MySQL SELECT Subquery -- WHERE value IN collapsed group-by values

Question

Underlying data:

mysql> select * from parent;
+----+------------+-----------+
| id | first_name | last_name |
+----+------------+-----------+
|  1 | Joe        | Wilkenson |
|  2 | Bob        | Thompson  |
|  3 | Bob        | Ericson   |
+----+------------+-----------+

mysql> select * from child;
+----+-----------+------------+-----------+---------+
| id | parent_id | first_name | last_name | fingers |
+----+-----------+------------+-----------+---------+
|  1 |         1 | Carla      | Wilkenson |      10 |
|  2 |         1 | Peter      | Wilkenson |       8 |
|  3 |         2 | Sam        | Thompson  |      10 |
|  4 |         3 | Beth       | Ericson   |      10 |
|  5 |         3 | Georgie    | Ericson   |      10 |
|  6 |         3 | Kyle       | Ericson   |       7 |
+----+-----------+------------+-----------+---------+

Goal: Figure out the total number of children's fingers, grouped by the parent's first name.

SELECT
  parent.first_name,
  ( SELECT SUM(fingers) FROM child WHERE child.parent_id IN ([collapsed parent.ids]) ) AS `kid_fingers`
FROM parent
GROUP BY parent.first_name;

I know that, with this specific example, the goal can be achieved by simply moving the subquery into a JOIN with a SUM(child.fingers).
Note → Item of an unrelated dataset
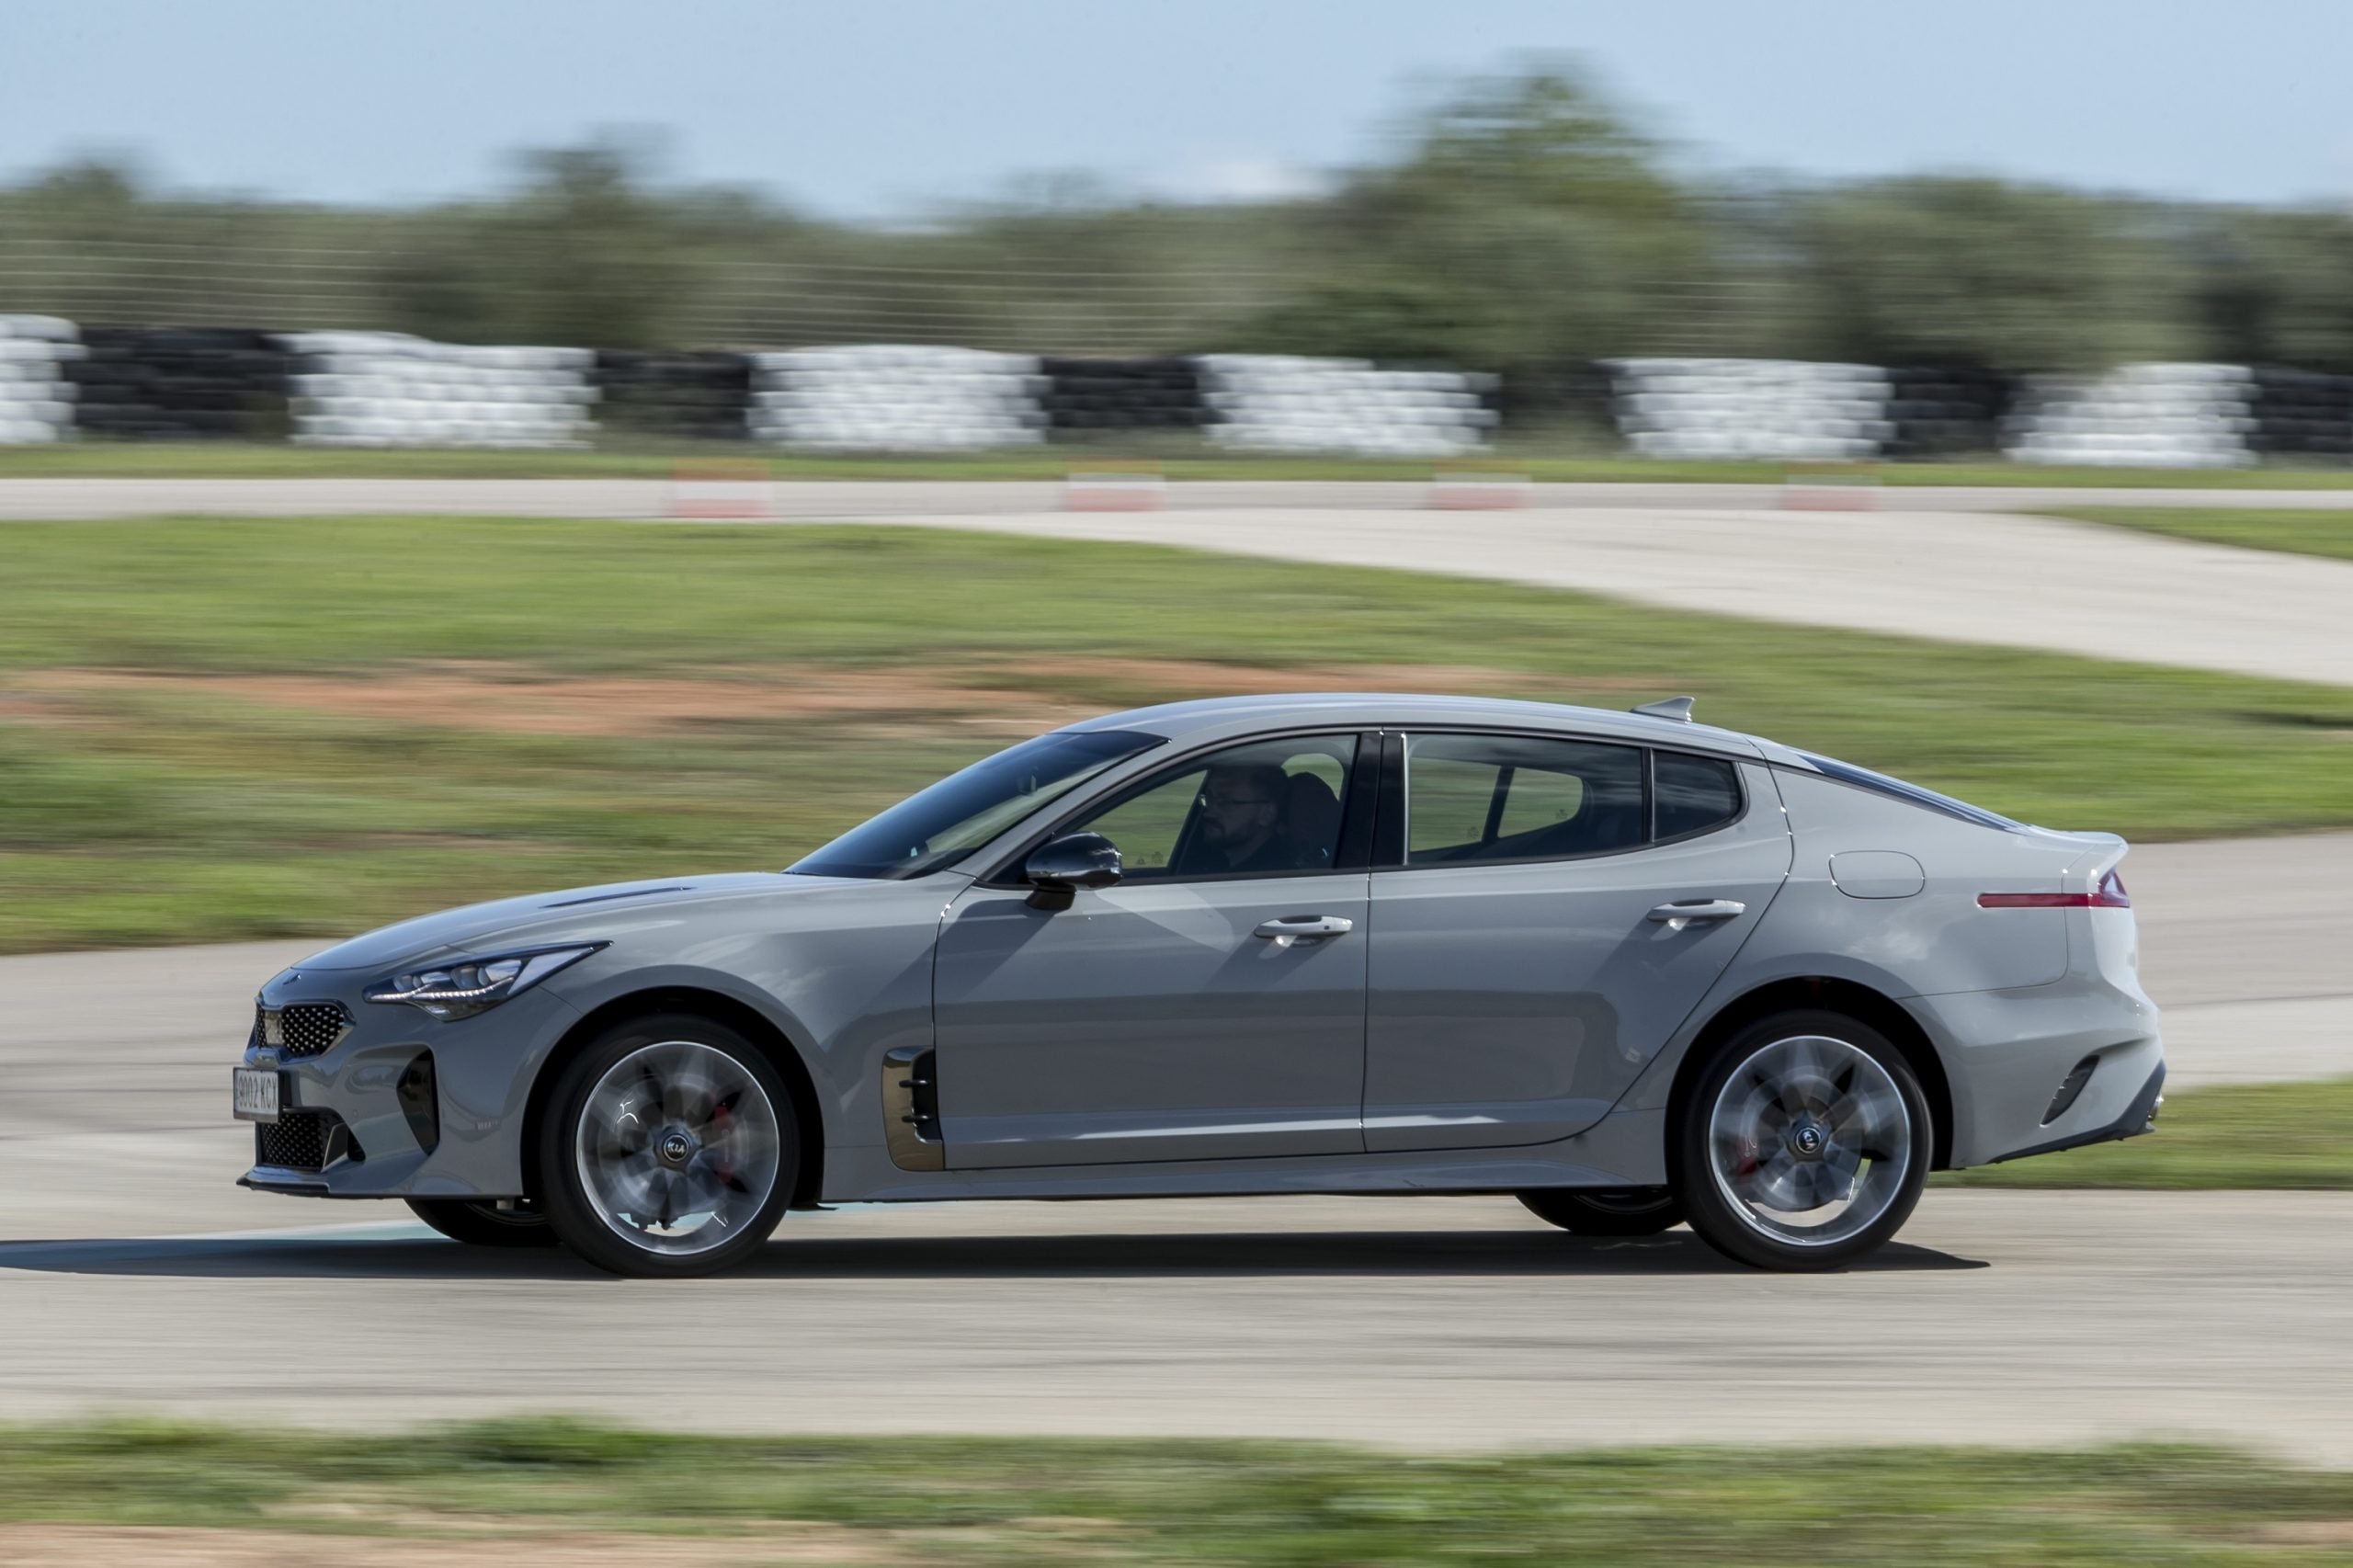 A grey Stinger races down a test track, shot in profile

My actual scenario is far more complicated with a lot more table joins that would result in SUM() returning a very inflated and inaccurate number due to row duplication.
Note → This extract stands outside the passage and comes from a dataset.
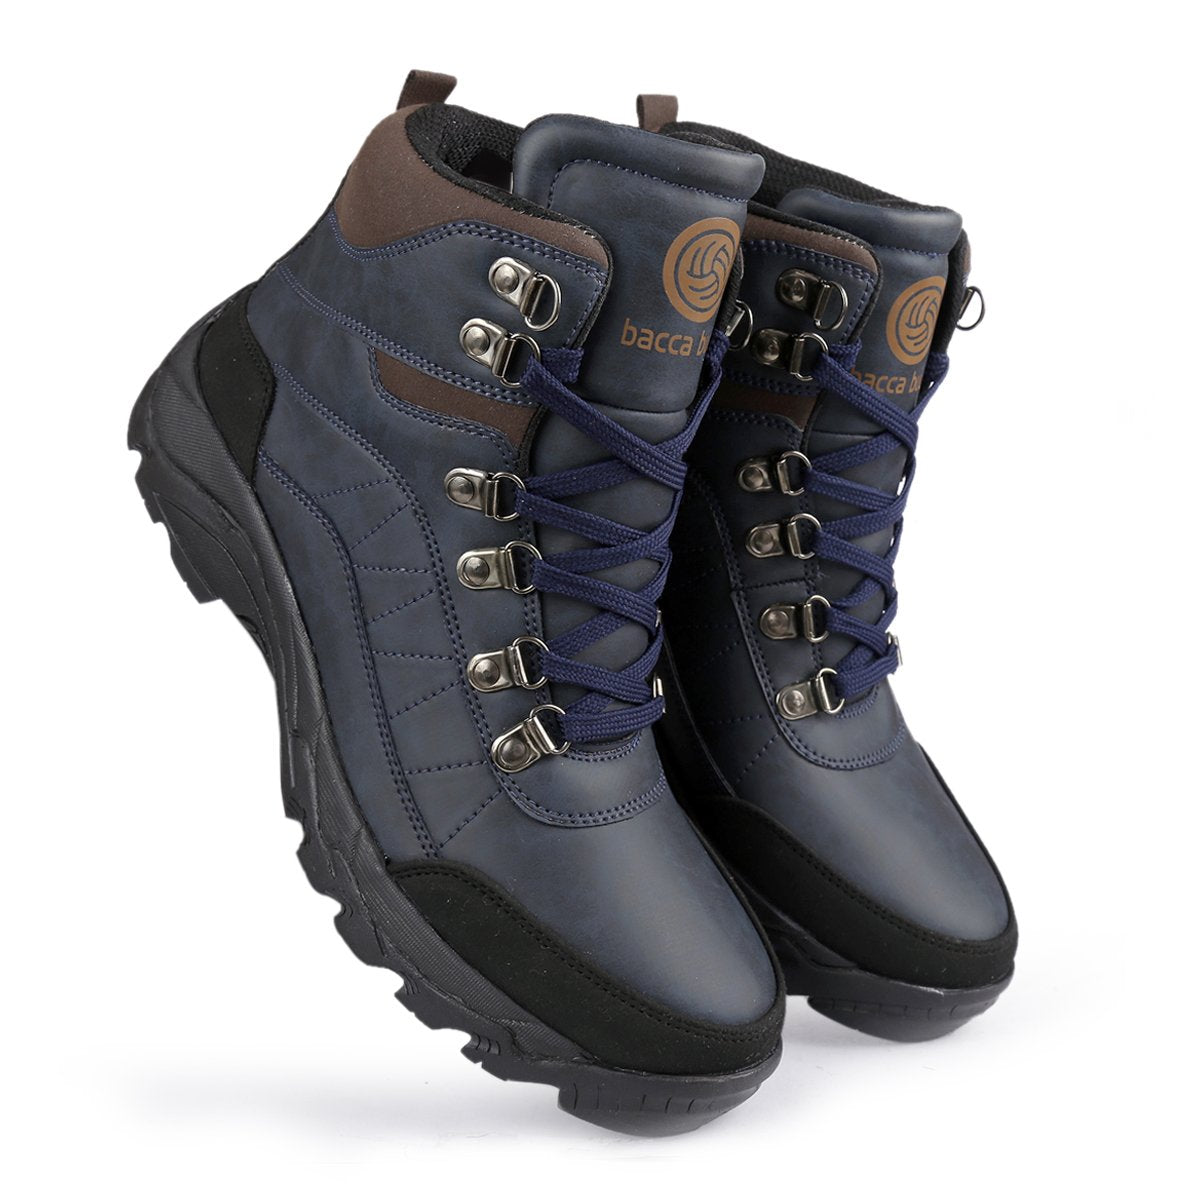  best snow boots, mens waterproof boots, high top ankle boots

I also attempted to JOIN against a subquery but that's resulting in an unavoidable full scan on a large table which isn't feasible in my environment.

That leaves a SELECT subquery but there's the obvious problem that the field I need to compare against gets collapsed by the GROUP BY. This seems like a really good opportunity for MySQL to offer an aggregate function that simply brings up collapsed values for comparison, but I don't think one exists?
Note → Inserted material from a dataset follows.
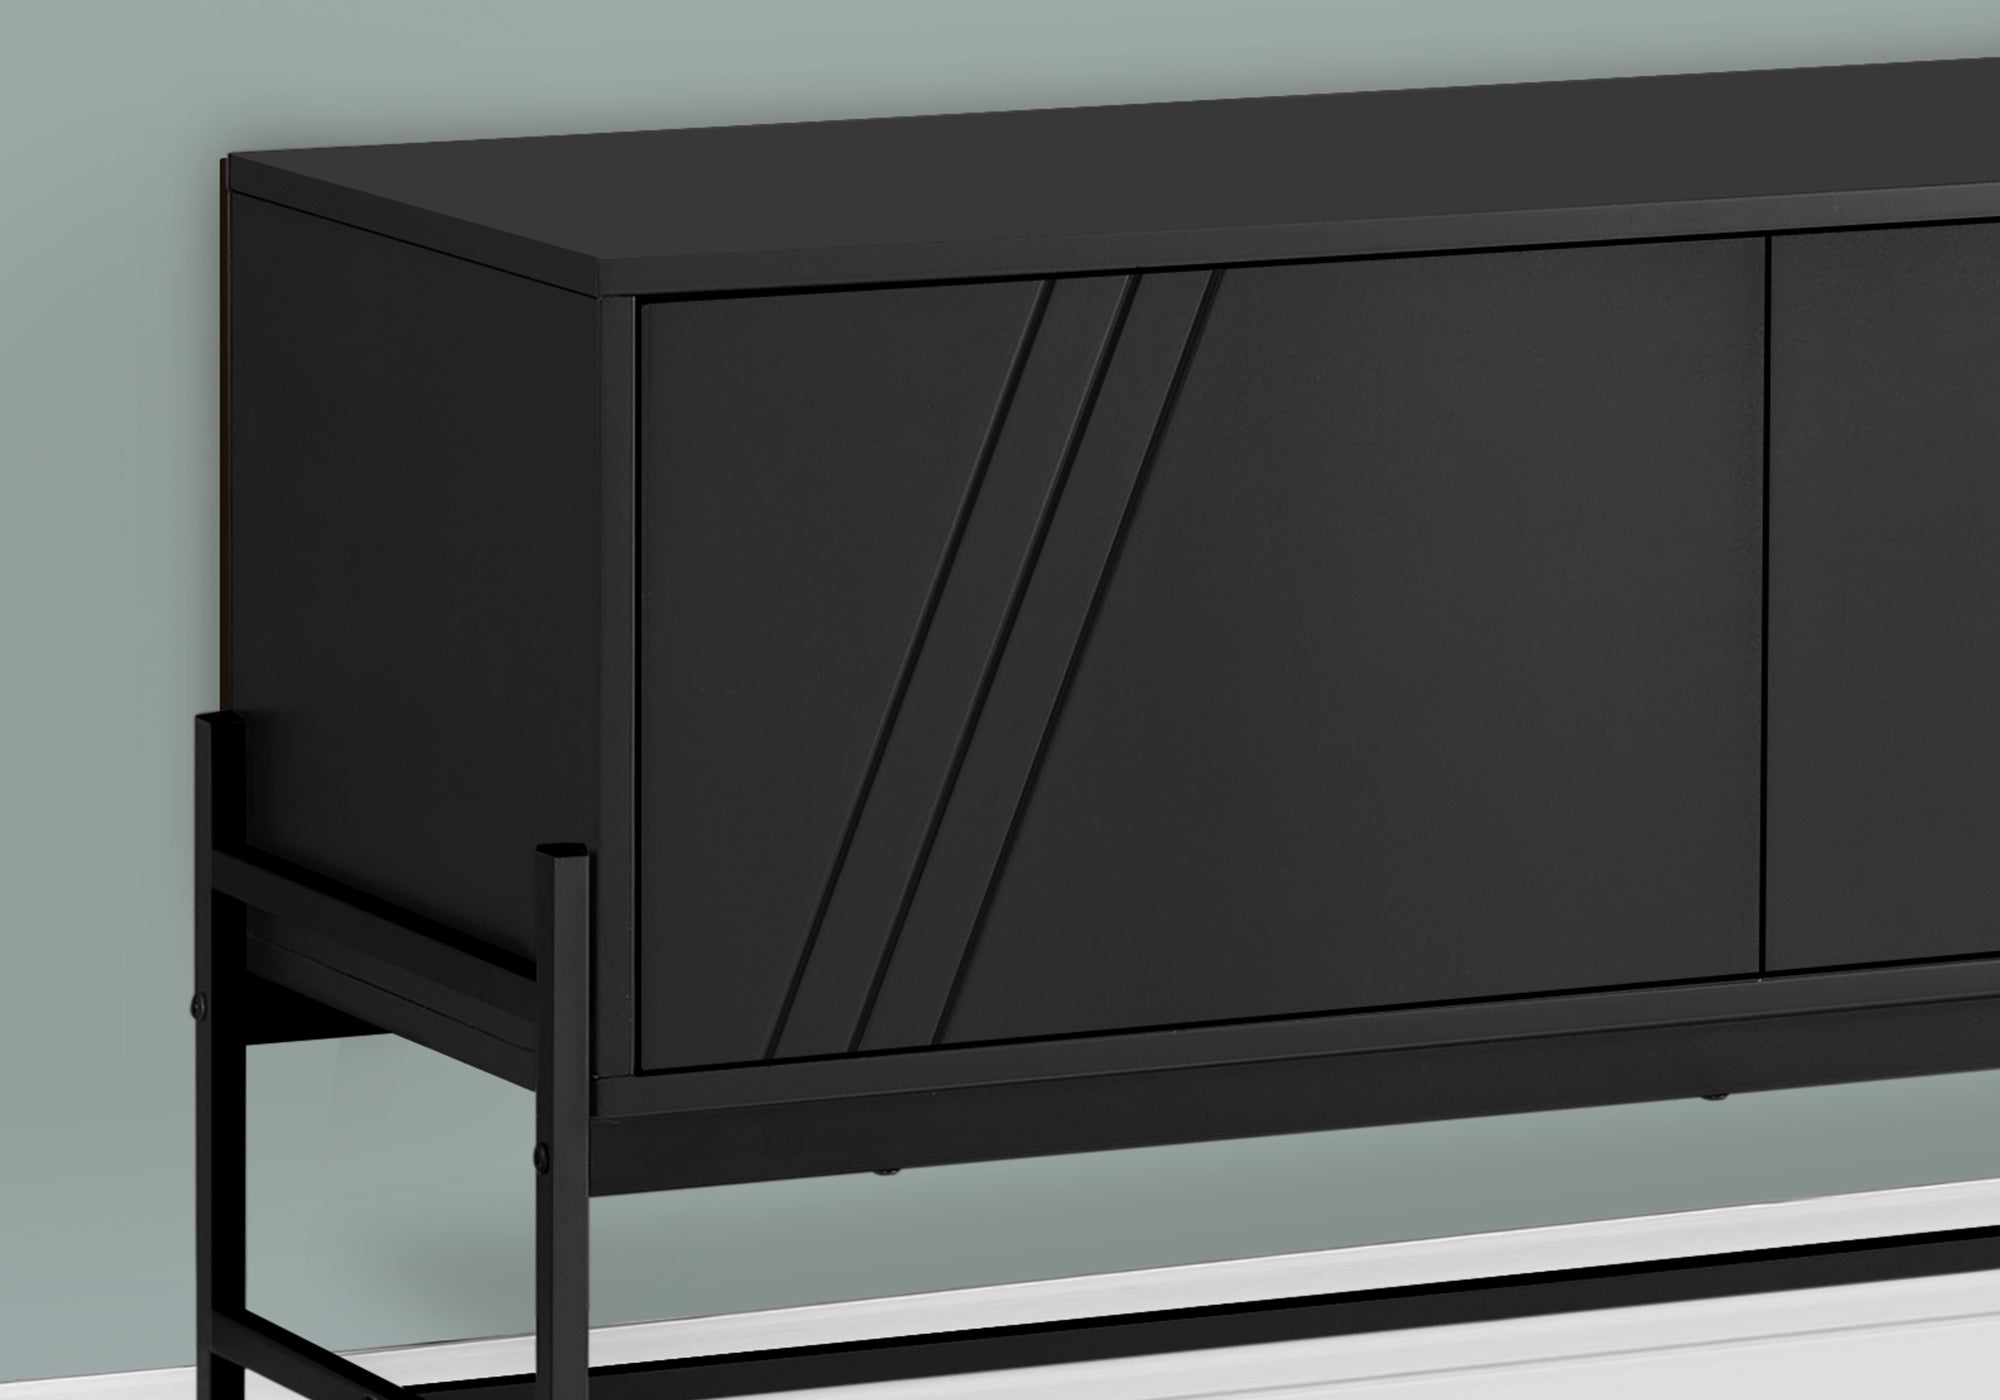 MN-642734    Tv Stand, 60 Inch, Console, Media Entertainment Center, Storage Cabinet, Living Room, Bedroom, Black Laminate, Black Metal, Contemporary, Modern

Any other tricks that might work for this? Worst case scenario I can do a REGEXP compare against GROUP_CONCAT() but that seems gross (and potentially risky) for many reasons. I'm unfortunately dealing with a very large and dynamically-built query that can have a lot of different GROUP BY combinations, so a full refactor or redesign is problematic.

P.S. Don't ask why the children are missing fingers. I just needed something to count.

The solution to your problem with multiple joins is to join with subqueries that calculate the grouped sums, instead of doing the sum in the main query. — Barmar, Aug 26 '21 at 23:42
See https://stackoverflow.com/questions/37978511/join-tables-with-sum-issue-in-mysql/37979049#37979049 — Barmar, Aug 26 '21 at 23:42
We're trying to avoid that. As mentioned, putting my real-world subquery in as a JOIN results in a full table scan and there can be millions of rows in that table. That subquery really needs to be limited to applicable IDs and that's only possible in a SELECT subquery. — Rikaelus, Aug 27 '21 at 00:45

Barmar · Answer 1 · 2021-08-26T23:57:12.573

2

You don't need IN, just use WHERE child.parent_id = parent.id.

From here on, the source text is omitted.